The Pleasant Valley Wine Company, located near the village of Hammondsport, New York, is the oldest winery in the Finger Lakes region.
On March 15, 1860, Charles Davenport Champlin and 12 local businessmen consolidated their holdings under “Articles of Association for the Manufacture of Native Wine” and, with $10,000 capitalization, built the first winery in this region.

Pleasant Valley Wine Company was designated as Bonded Winery No. 1 in its State and Federal districts.

All winemaking operations were carried out by Jules and Joseph Masson, noted French-born winemakers of the time, in still-used wooden and stone structures, with adjacent cellars carved deep into the hillside. Eight of these Pleasant Valley Wine Company buildings were listed on the National Register of Historic Places in 1980.

During the winery’s first year of operation, 18 tons of Isabella and Catawba grapes were harvested, yielding 220 gallons of wine per ton.
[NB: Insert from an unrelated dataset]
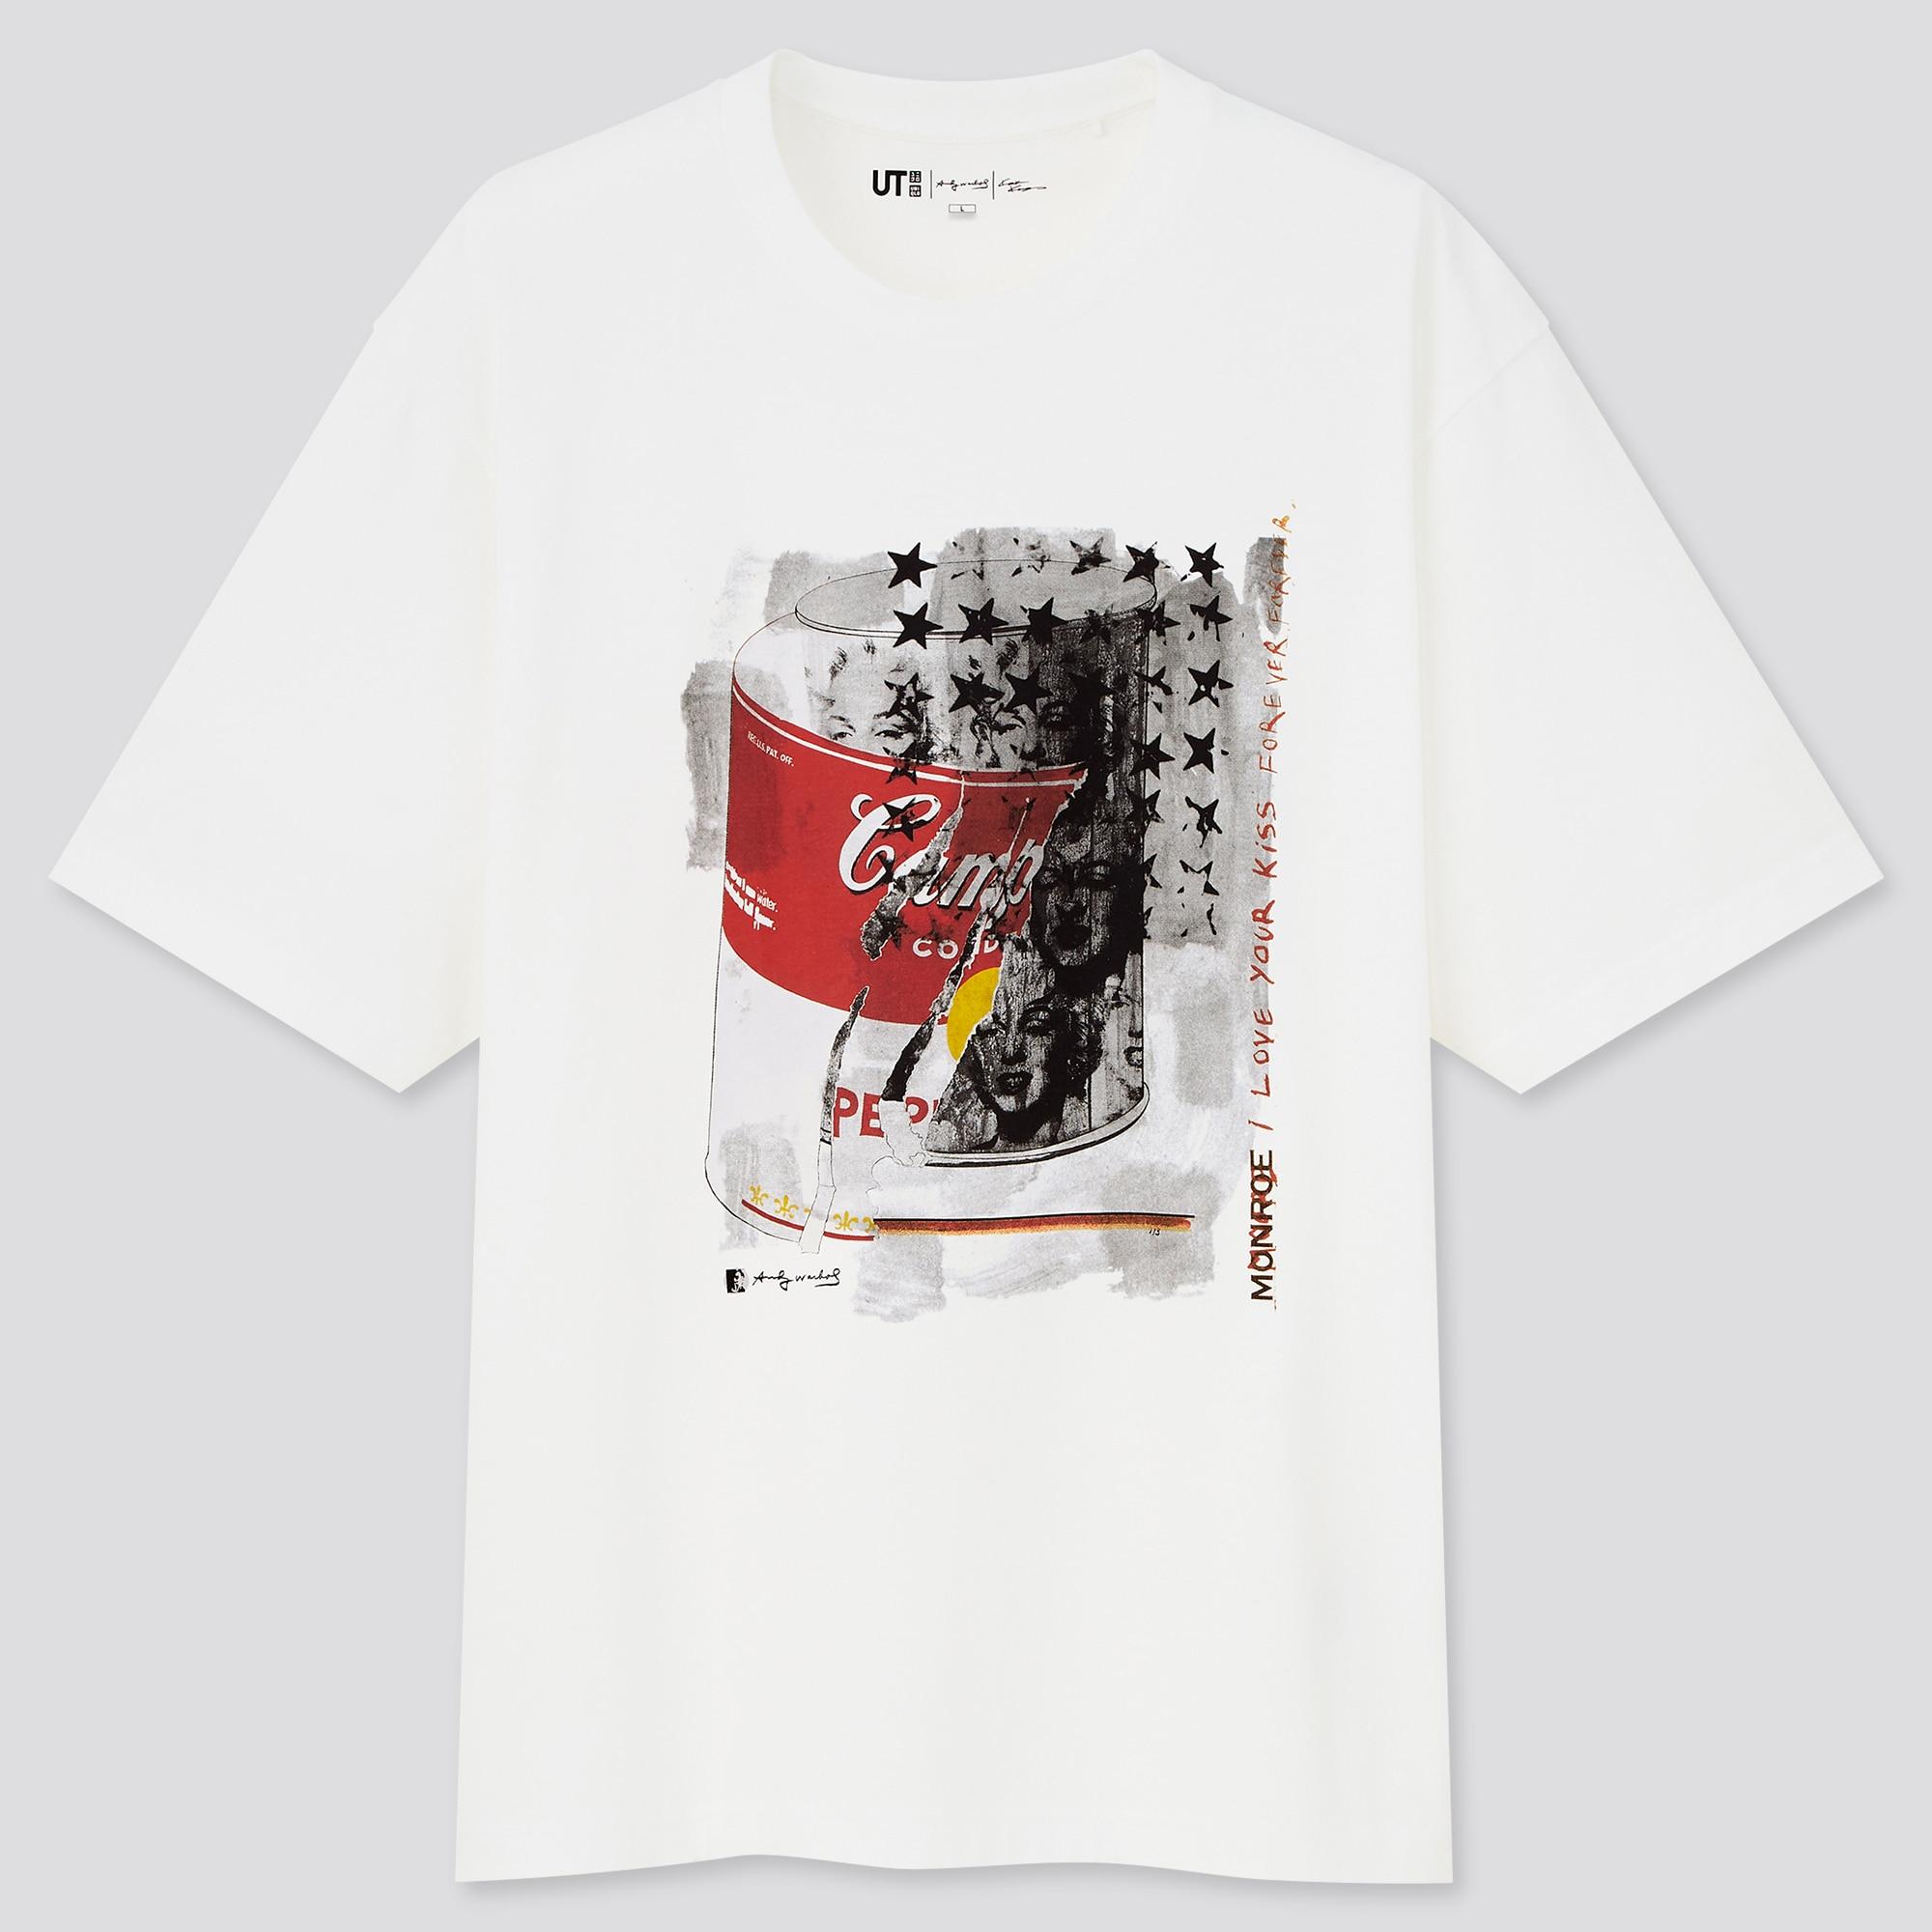 涼しい シャツ ユニクロ t

In 1867, this wine was awarded honorable mention at the Exposition Universelle in Paris, the first American Champagne wine to win an award in Europe. In 1873 in Vienna, the winery’s champagne was awarded first prize and its first European medal, since then the Company’s champagnes have received numerous European gold medals and other awards around the globe.

Because of the internationally recognized excellence of Pleasant Valley Champagnes, and because of the similarities of climatic and soil conditions between the area and the Champagne district of France, Pleasant Valley came to be called the “Rheims of America.” When the U.S. Postal Service opened a branch at the winery in 1870, it used the postmark, “Rheims, N.Y.,” which was used until 1945 when rural delivery took its place.

In March 1871, Mr. Champlin sent a case of champagne to his close friend, Marshall P. Wilder, who was a well-known wine connoisseur in Boston. After introducing it at a dinner party at the Parker House, Wilder declared it to be “the Great Champagne of the Western World.” The champagne was thus dubbed “Great Western.”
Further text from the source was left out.